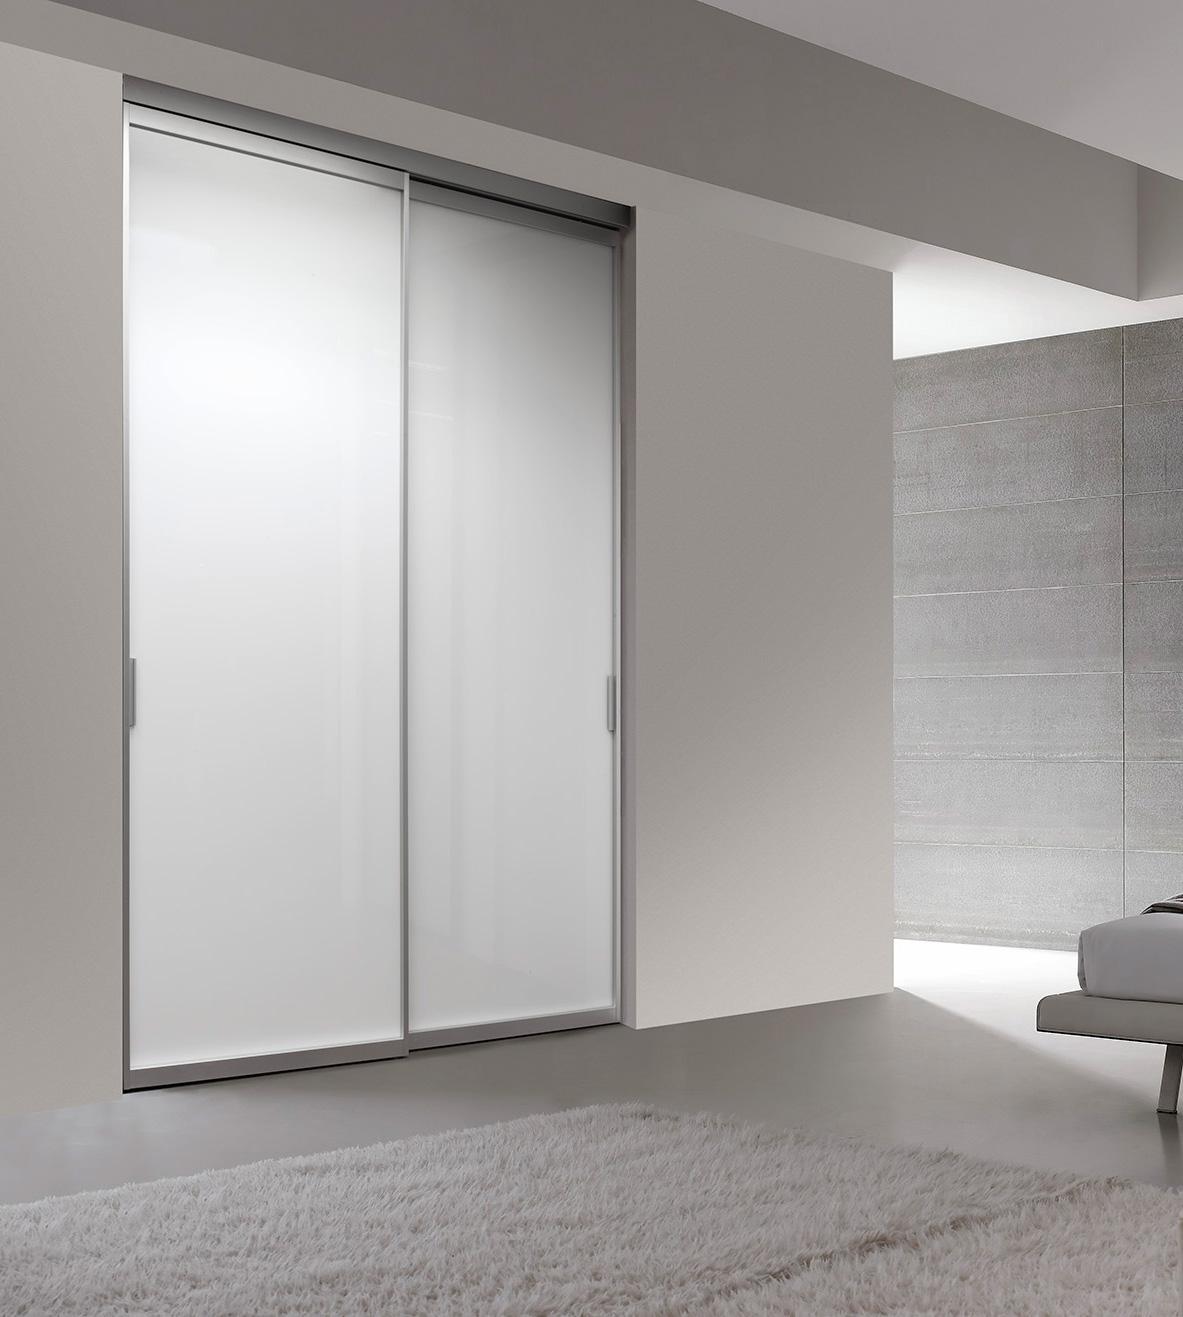 Cabine armadio e porte - Porte scorrevoli per cabine armadio ...
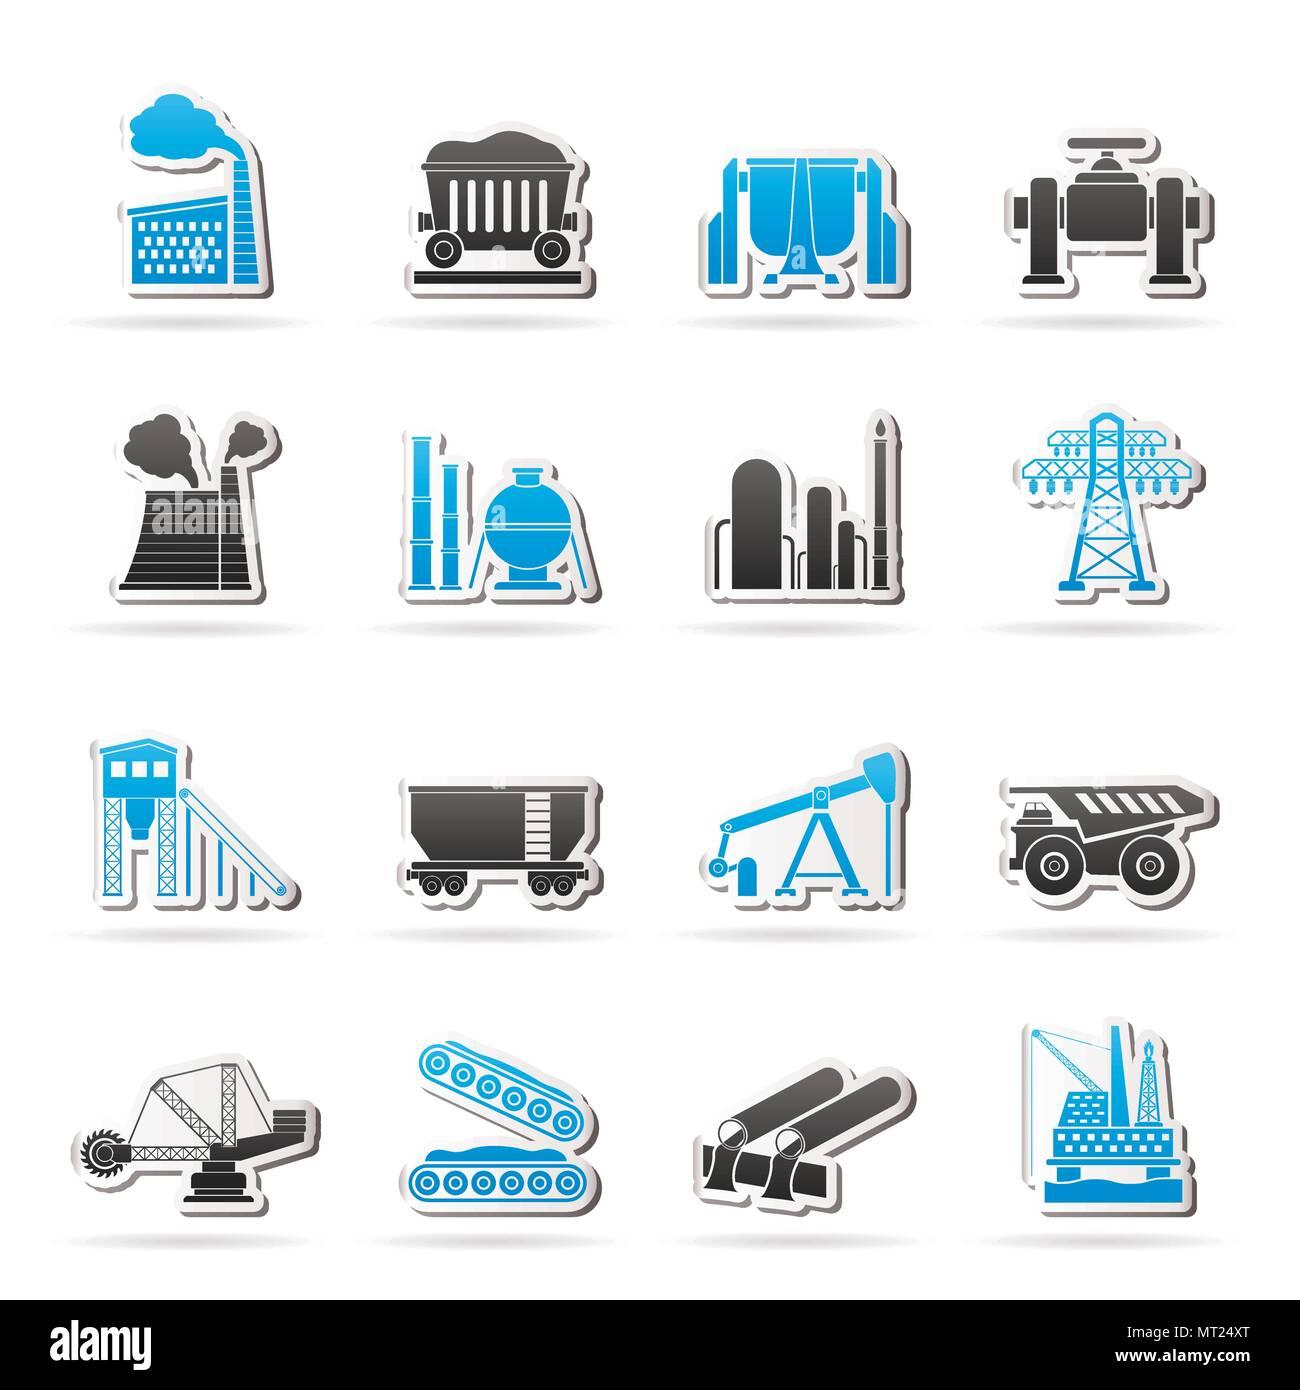 Heavy industry icons - vector icon set - Stock Vector
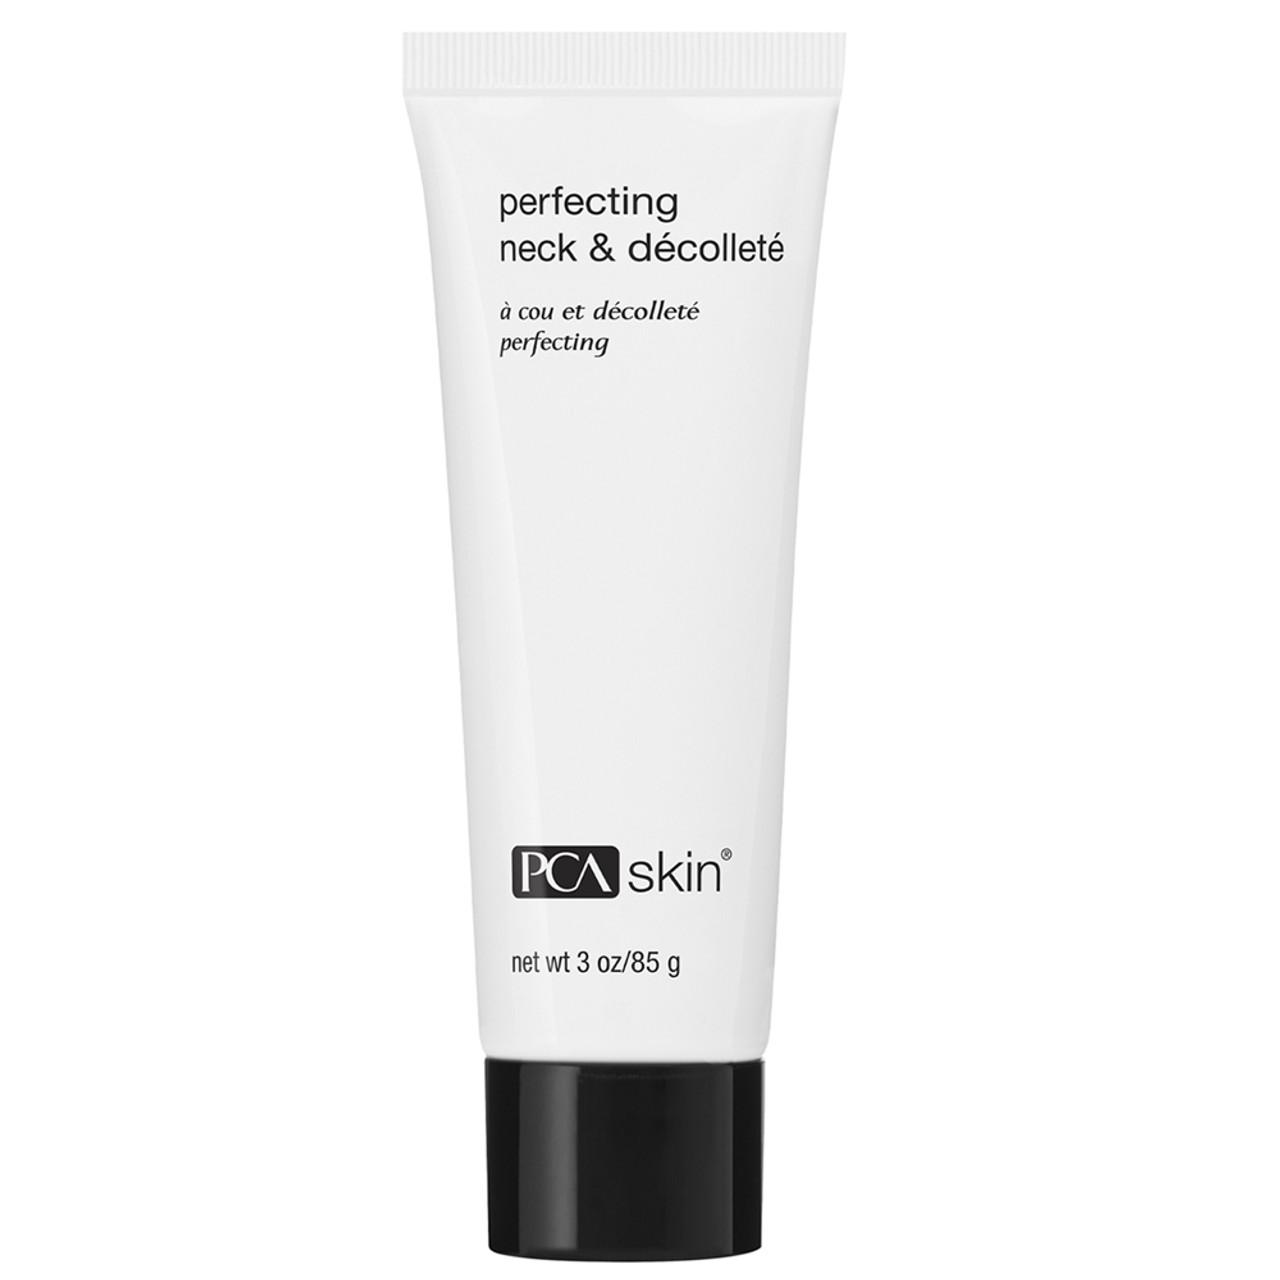 PCA Skin Perfecting Neck & Decollete BeautifiedYou.com
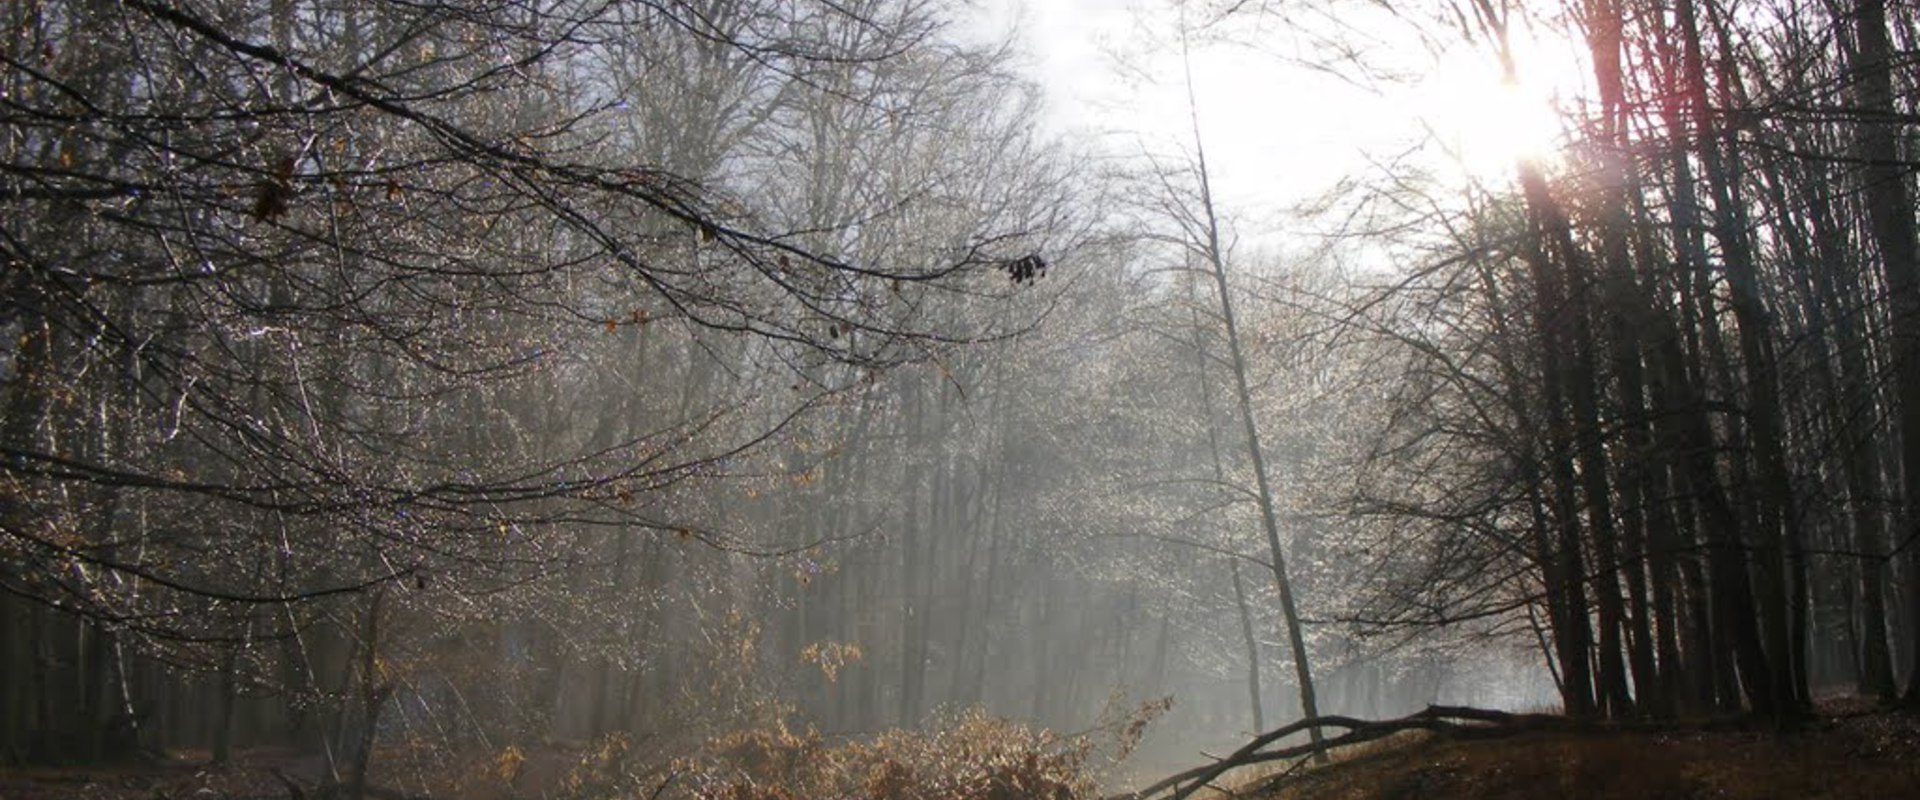 Öszpötei erdő
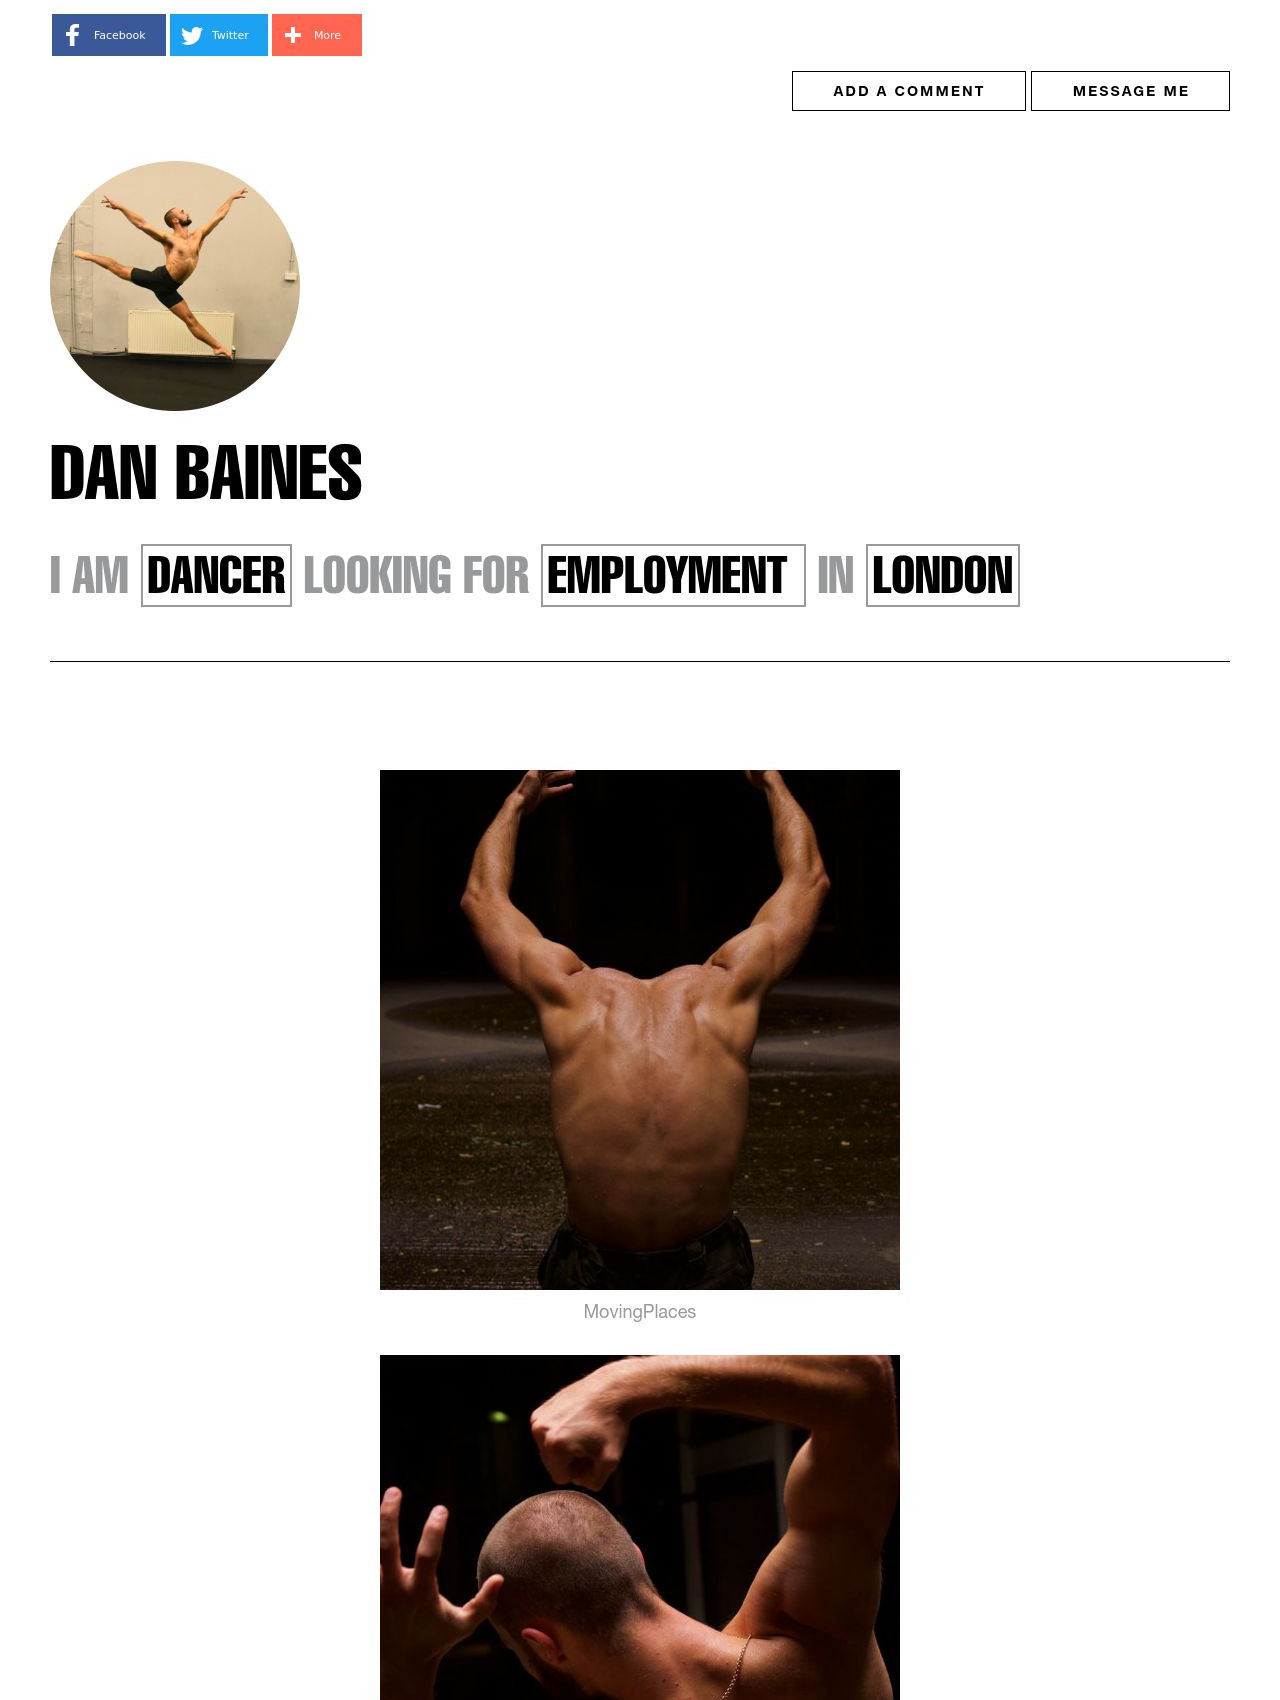 Dan Baines
+ + + +
- [ASSIGNED TASK]: Copy out the listing exactly as it stands, but not the pictures.

- [WRITTEN SOLUTION]:
 Cabine armadio e porte - Porte scorrevoli per cabine armadio ...
 Heavy industry icons - vector icon set - Stock Vector
 PCA Skin Perfecting Neck & Decollete BeautifiedYou.com
 Öszpötei erdő
 Dan Baines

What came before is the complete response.